### Work to complete
Print the listing exactly as it stands. Skip every picture.
Data shown START
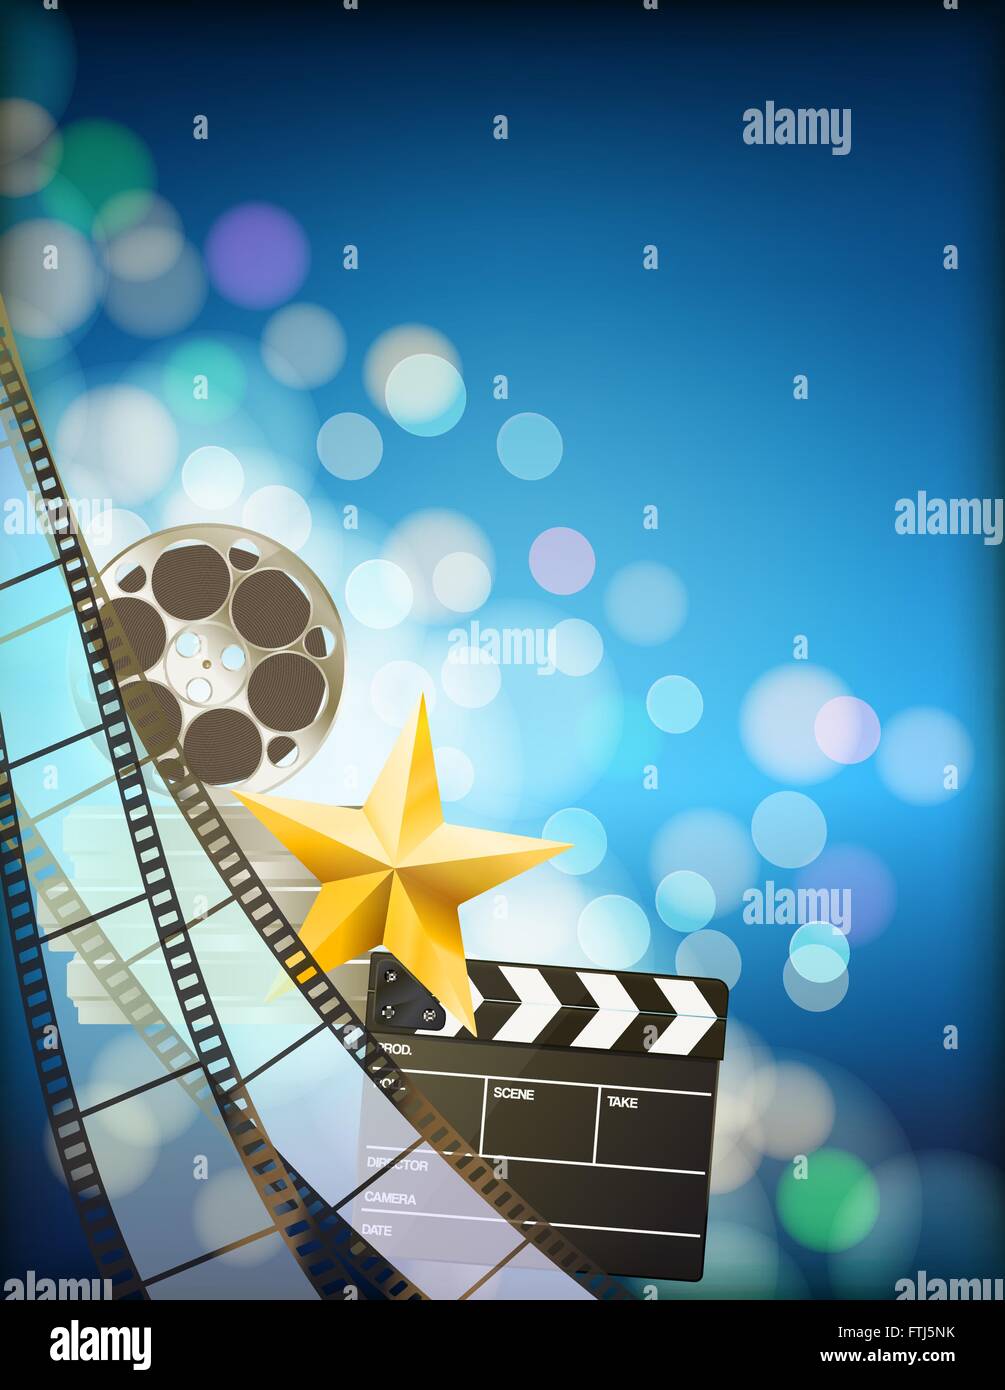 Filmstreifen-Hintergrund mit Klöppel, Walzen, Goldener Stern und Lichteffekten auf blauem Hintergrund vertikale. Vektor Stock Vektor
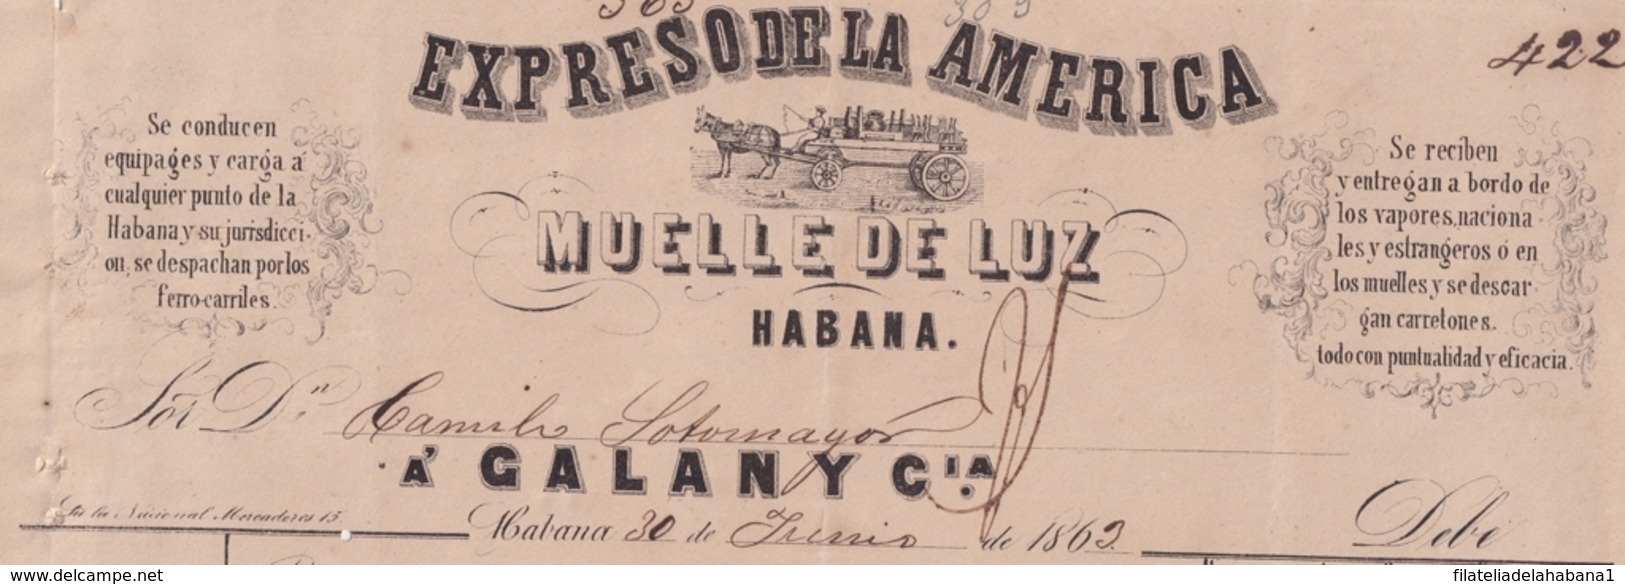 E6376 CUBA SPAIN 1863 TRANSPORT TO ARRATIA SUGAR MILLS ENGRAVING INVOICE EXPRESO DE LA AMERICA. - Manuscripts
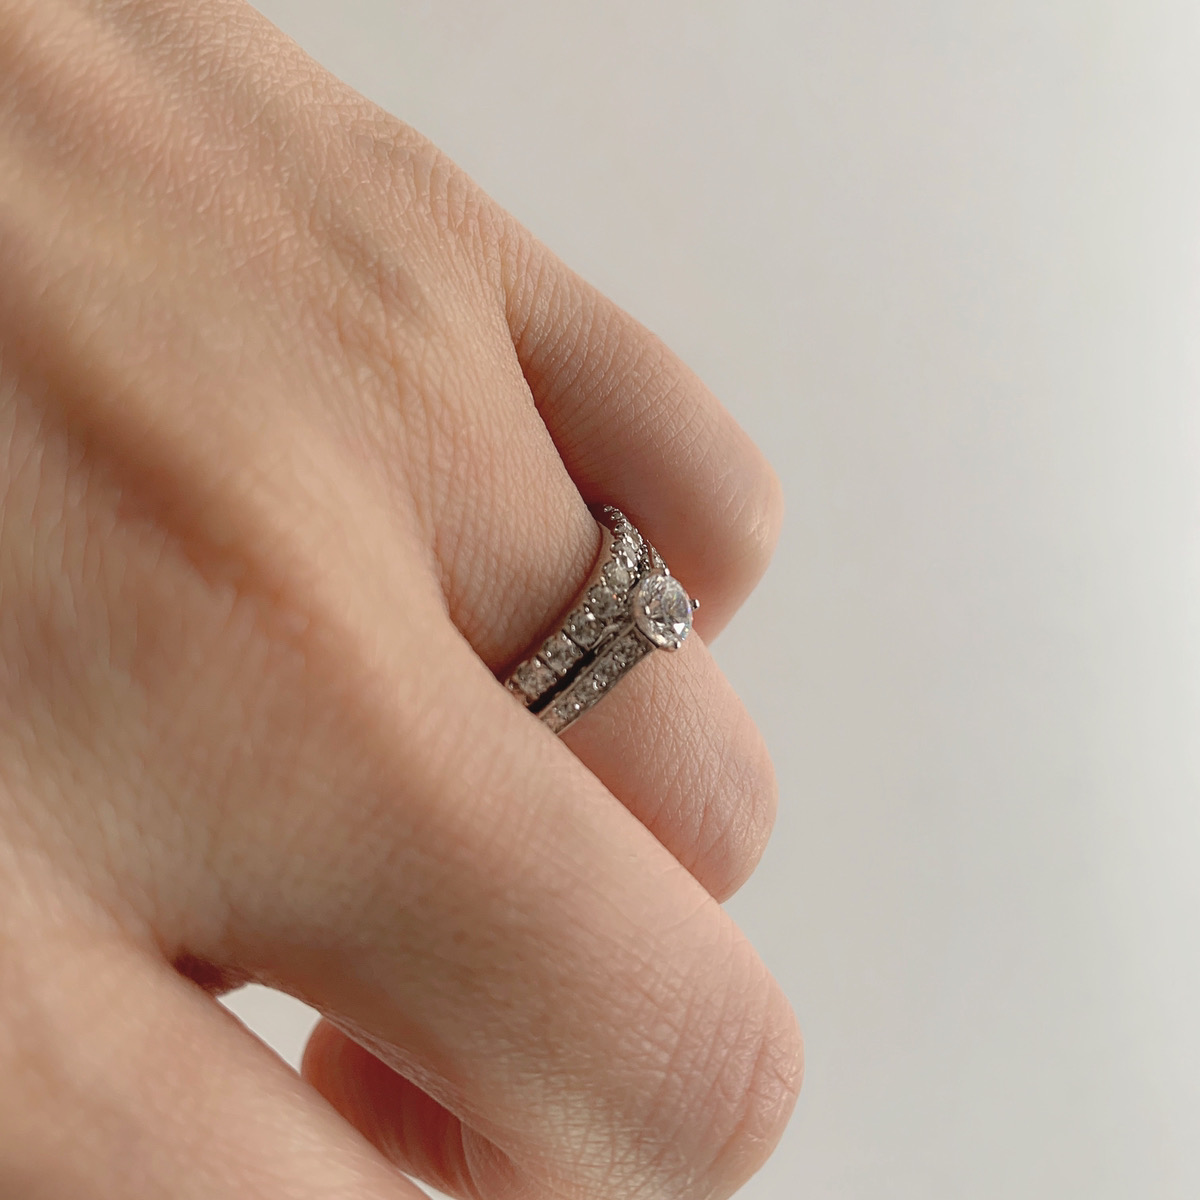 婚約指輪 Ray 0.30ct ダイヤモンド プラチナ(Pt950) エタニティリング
Data shown END
### Response to this exercise
 Filmstreifen-Hintergrund mit Klöppel, Walzen, Goldener Stern und Lichteffekten auf blauem Hintergrund vertikale. Vektor Stock Vektor
 E6376 CUBA SPAIN 1863 TRANSPORT TO ARRATIA SUGAR MILLS ENGRAVING INVOICE EXPRESO DE LA AMERICA. - Manuscripts
 婚約指輪 Ray 0.30ct ダイヤモンド プラチナ(Pt950) エタニティリング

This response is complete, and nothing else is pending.